TASK REQUIREMENTS =
Look through the entries below, please, and copy every line with the word "Bedroom".

INPUT FOR THIS TASK =
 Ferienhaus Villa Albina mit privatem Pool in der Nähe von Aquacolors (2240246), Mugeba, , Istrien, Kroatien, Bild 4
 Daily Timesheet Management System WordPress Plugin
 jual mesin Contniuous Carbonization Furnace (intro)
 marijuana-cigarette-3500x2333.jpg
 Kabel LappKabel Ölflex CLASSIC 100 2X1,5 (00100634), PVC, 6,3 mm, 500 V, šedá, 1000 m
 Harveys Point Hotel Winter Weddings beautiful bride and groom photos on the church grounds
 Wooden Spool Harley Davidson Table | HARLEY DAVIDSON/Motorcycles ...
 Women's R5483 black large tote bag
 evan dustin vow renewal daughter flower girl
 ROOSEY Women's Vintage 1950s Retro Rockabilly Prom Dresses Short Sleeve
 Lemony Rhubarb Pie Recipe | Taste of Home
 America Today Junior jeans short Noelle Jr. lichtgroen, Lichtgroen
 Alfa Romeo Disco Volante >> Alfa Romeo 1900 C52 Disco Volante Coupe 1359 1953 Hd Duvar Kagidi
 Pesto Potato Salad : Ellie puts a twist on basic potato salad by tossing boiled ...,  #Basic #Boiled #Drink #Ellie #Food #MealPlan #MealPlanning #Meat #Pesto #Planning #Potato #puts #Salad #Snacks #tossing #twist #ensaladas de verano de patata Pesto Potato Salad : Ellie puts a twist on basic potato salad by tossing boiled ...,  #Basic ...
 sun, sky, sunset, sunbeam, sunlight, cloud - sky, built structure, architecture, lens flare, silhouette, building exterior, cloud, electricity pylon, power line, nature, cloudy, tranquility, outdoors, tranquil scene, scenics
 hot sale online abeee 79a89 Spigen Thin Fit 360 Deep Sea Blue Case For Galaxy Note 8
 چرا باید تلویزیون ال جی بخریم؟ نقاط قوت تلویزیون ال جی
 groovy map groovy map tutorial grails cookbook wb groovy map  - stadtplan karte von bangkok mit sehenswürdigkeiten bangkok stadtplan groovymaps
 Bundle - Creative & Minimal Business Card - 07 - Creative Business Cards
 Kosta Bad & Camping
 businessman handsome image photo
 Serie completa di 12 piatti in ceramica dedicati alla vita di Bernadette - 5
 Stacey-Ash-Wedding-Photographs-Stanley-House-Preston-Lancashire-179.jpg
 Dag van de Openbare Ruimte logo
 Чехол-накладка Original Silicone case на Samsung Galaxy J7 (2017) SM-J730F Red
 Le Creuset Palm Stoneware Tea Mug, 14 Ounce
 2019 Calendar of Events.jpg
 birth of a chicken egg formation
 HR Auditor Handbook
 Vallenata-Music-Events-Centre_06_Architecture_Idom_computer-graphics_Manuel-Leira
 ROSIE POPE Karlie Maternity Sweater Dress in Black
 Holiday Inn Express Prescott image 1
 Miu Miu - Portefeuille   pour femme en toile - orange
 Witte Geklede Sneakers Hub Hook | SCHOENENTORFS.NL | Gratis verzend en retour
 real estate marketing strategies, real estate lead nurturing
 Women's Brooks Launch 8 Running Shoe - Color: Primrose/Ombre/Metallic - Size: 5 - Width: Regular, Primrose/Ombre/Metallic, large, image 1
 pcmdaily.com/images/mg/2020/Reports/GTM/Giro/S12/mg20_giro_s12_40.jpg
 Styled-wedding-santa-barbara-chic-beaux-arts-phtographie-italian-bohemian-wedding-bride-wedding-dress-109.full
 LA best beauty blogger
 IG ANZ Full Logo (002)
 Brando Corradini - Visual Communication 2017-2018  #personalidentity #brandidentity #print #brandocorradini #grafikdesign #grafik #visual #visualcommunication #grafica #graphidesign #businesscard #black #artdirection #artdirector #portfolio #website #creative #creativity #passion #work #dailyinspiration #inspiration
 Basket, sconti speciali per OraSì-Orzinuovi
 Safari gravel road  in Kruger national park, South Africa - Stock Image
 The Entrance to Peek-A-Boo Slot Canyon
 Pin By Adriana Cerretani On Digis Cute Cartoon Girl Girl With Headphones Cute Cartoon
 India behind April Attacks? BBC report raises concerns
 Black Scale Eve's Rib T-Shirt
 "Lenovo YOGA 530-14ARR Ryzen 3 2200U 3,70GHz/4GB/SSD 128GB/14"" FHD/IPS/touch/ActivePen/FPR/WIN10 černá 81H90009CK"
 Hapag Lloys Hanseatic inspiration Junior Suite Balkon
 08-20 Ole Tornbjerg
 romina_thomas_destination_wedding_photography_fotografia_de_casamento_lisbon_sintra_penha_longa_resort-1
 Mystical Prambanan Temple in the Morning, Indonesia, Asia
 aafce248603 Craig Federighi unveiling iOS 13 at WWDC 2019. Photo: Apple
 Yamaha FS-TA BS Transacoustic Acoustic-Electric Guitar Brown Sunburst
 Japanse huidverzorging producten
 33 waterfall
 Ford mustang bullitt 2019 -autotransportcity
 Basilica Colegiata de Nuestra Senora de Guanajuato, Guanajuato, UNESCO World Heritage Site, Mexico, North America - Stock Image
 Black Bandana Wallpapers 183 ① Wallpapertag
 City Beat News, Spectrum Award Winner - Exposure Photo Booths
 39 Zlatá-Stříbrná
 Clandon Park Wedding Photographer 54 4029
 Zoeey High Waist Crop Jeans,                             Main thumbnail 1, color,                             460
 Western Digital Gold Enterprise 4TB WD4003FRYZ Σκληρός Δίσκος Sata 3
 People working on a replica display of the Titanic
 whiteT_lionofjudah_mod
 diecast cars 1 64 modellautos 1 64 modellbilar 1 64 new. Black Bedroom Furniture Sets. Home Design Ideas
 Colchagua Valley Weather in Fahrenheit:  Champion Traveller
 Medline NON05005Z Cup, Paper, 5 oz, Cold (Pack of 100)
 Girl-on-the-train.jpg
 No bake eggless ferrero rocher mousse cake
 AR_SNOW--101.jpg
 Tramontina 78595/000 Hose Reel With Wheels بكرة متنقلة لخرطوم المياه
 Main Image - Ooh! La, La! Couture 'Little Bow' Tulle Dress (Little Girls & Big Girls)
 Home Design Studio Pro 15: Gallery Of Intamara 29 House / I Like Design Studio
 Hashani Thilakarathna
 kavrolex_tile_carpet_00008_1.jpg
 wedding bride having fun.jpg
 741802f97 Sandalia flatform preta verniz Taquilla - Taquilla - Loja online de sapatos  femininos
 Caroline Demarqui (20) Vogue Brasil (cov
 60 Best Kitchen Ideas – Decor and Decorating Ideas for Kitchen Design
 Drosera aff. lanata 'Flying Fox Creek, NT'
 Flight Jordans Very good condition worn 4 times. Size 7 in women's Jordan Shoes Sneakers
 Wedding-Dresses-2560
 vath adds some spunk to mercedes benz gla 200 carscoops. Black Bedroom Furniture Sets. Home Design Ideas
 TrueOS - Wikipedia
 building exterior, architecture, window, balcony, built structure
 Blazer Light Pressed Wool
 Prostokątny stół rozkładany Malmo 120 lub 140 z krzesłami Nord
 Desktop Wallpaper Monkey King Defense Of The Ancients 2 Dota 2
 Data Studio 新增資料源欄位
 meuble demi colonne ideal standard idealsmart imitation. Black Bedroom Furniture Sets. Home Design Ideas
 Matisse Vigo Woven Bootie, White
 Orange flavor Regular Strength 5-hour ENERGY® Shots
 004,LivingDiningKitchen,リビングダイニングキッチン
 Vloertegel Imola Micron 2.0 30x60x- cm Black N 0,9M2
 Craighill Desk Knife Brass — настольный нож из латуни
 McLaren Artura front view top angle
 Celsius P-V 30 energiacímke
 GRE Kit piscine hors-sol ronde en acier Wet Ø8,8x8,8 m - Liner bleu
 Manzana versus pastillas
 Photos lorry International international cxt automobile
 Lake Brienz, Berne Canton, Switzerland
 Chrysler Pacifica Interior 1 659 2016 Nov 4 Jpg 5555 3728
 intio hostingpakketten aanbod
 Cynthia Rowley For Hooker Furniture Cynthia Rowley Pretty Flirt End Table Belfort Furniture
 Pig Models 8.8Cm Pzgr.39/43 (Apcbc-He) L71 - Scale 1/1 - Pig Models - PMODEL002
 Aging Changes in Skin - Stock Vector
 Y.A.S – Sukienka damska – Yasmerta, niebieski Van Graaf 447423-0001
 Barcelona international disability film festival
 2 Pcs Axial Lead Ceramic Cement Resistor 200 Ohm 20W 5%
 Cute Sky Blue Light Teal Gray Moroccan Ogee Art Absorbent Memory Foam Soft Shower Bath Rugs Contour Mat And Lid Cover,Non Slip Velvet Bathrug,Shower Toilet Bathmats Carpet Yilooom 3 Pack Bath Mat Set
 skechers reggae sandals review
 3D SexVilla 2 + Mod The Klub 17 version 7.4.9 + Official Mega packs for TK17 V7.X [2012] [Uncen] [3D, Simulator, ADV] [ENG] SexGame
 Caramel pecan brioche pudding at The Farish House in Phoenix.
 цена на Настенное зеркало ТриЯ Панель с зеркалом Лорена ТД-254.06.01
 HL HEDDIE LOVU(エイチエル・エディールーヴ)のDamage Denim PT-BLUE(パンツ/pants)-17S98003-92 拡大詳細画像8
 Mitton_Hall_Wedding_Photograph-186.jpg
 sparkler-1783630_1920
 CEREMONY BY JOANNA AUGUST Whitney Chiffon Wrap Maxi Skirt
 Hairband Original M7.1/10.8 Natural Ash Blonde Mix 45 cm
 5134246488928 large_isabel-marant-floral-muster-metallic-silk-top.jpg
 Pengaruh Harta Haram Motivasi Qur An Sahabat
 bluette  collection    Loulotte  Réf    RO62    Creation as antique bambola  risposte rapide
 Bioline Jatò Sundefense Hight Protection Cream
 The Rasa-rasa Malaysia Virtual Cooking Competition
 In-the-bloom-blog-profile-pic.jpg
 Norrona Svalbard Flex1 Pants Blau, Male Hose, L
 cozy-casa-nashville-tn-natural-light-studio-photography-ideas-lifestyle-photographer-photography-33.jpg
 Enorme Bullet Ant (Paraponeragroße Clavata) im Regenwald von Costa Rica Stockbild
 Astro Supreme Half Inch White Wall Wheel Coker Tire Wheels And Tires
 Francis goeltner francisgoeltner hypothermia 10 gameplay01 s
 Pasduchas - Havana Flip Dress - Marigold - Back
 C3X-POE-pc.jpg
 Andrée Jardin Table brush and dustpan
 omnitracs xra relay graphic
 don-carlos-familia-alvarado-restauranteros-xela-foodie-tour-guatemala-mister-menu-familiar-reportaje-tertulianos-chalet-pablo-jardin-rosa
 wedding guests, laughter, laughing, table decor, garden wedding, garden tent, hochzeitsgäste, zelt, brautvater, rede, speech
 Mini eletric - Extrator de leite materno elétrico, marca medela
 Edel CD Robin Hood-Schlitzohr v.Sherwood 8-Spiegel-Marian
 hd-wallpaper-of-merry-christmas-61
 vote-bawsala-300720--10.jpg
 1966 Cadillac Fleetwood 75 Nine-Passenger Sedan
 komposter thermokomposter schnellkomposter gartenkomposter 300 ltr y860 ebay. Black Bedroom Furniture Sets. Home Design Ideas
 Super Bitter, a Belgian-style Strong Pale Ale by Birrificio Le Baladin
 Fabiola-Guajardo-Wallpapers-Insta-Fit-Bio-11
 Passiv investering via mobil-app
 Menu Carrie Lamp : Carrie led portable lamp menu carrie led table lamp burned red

TASK OUTPUT =
 diecast cars 1 64 modellautos 1 64 modellbilar 1 64 new. Black Bedroom Furniture Sets. Home Design Ideas
 vath adds some spunk to mercedes benz gla 200 carscoops. Black Bedroom Furniture Sets. Home Design Ideas
 meuble demi colonne ideal standard idealsmart imitation. Black Bedroom Furniture Sets. Home Design Ideas
 komposter thermokomposter schnellkomposter gartenkomposter 300 ltr y860 ebay. Black Bedroom Furniture Sets. Home Design Ideas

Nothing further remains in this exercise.